What media-bias problem does the article find in the Bharat–Pakistan renaming comparison?

The central problem is an outcome-status mismatch: implemented Indian changes were compared with a Lahore proposal that had been deferred and lacked final notification. The article also says Pakistan’s earlier erasures and wider institutional evidence were not carried into the final judgment.

Had Lahore formally restored its proposed pre-Partition place names by 15 July 2026?

Not according to the evidence available through 15 July 2026. The cited reporting said the plan was deferred, no final decision had been taken, and no formal notification, altered official signage or documentary proof showed that the proposed names had taken legal effect.

What is critical toponymy, and how does it help evaluate renaming?

Toponymy is the study of place names, while critical toponymy asks who has the authority to name public space and which political order that naming legitimises. It assesses the old name, the new subject, the procedure, the historical setting and the treatment of displaced memory before drawing a moral conclusion.

Why does the analysis classify India’s examples case by case?

Because the cases represent different policy acts: Aurangzeb Road became Dr A.P.J. Abdul Kalam Road as civic commemoration, Mughalsarai Junction took the name of a modern party ideologue, and Rajpath became Kartavya Path through decolonial civic symbolism. The Hall of Nations case concerned architectural demolition and redevelopment, not a place-name change.

Are pre-Partition and pre-Islamic names the same category?

No. Pre-Partition can include Hindu, Muslim, Sikh, Jain and British colonial layers before 1947, whereas pre-Islamic refers to periods before Islam’s arrival in the region.

How does the article assess claims about ancient Pakistan?

It separates territorial custody, civilisational affiliation and modern political nationality.

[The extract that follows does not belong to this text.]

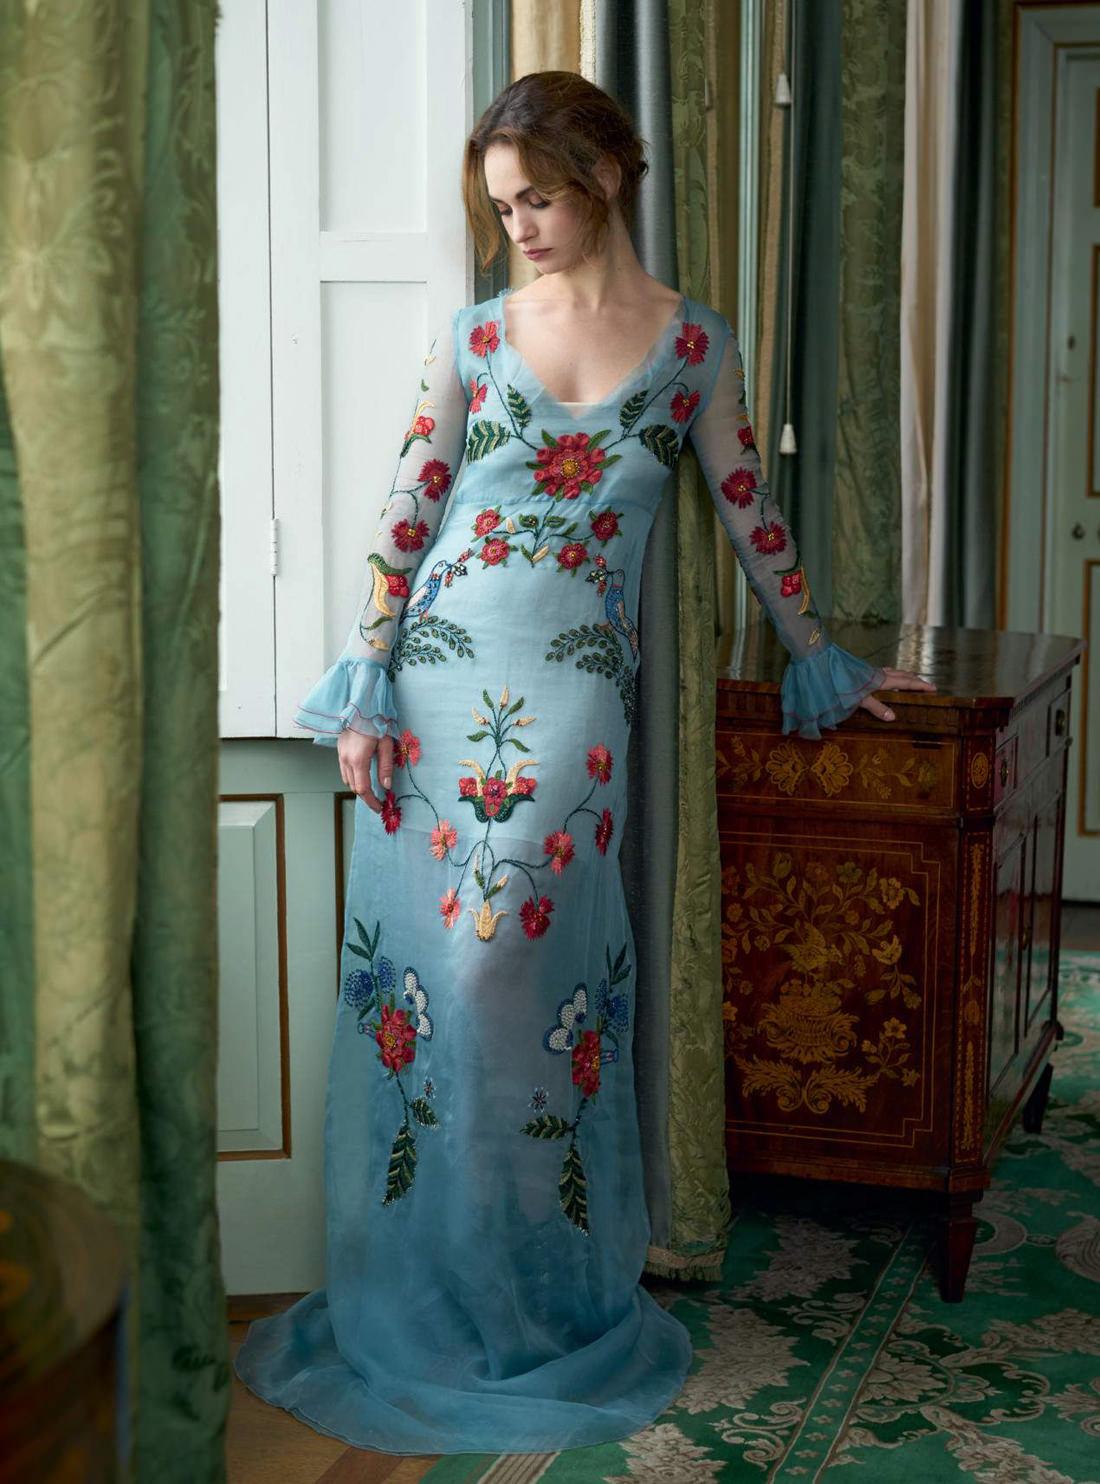 вышитое платье из шелка и органзы, Gucci; сапоги, Christian Louboutin

Pakistan has the right and duty to conserve heritage within its borders, but describing ancient figures such as Pāṇini or Chanakya as Pakistani in the modern national sense is anachronistic.

What framework does the article propose for fair heritage renaming?

It recommends comparing matched jurisdictions, time periods and implementation statuses, documenting recoverable historical layers, consulting transparently, using layered signage where appropriate and applying equal media scrutiny. Symbolic naming should also be evaluated alongside constitutional, minority-rights and conservation evidence.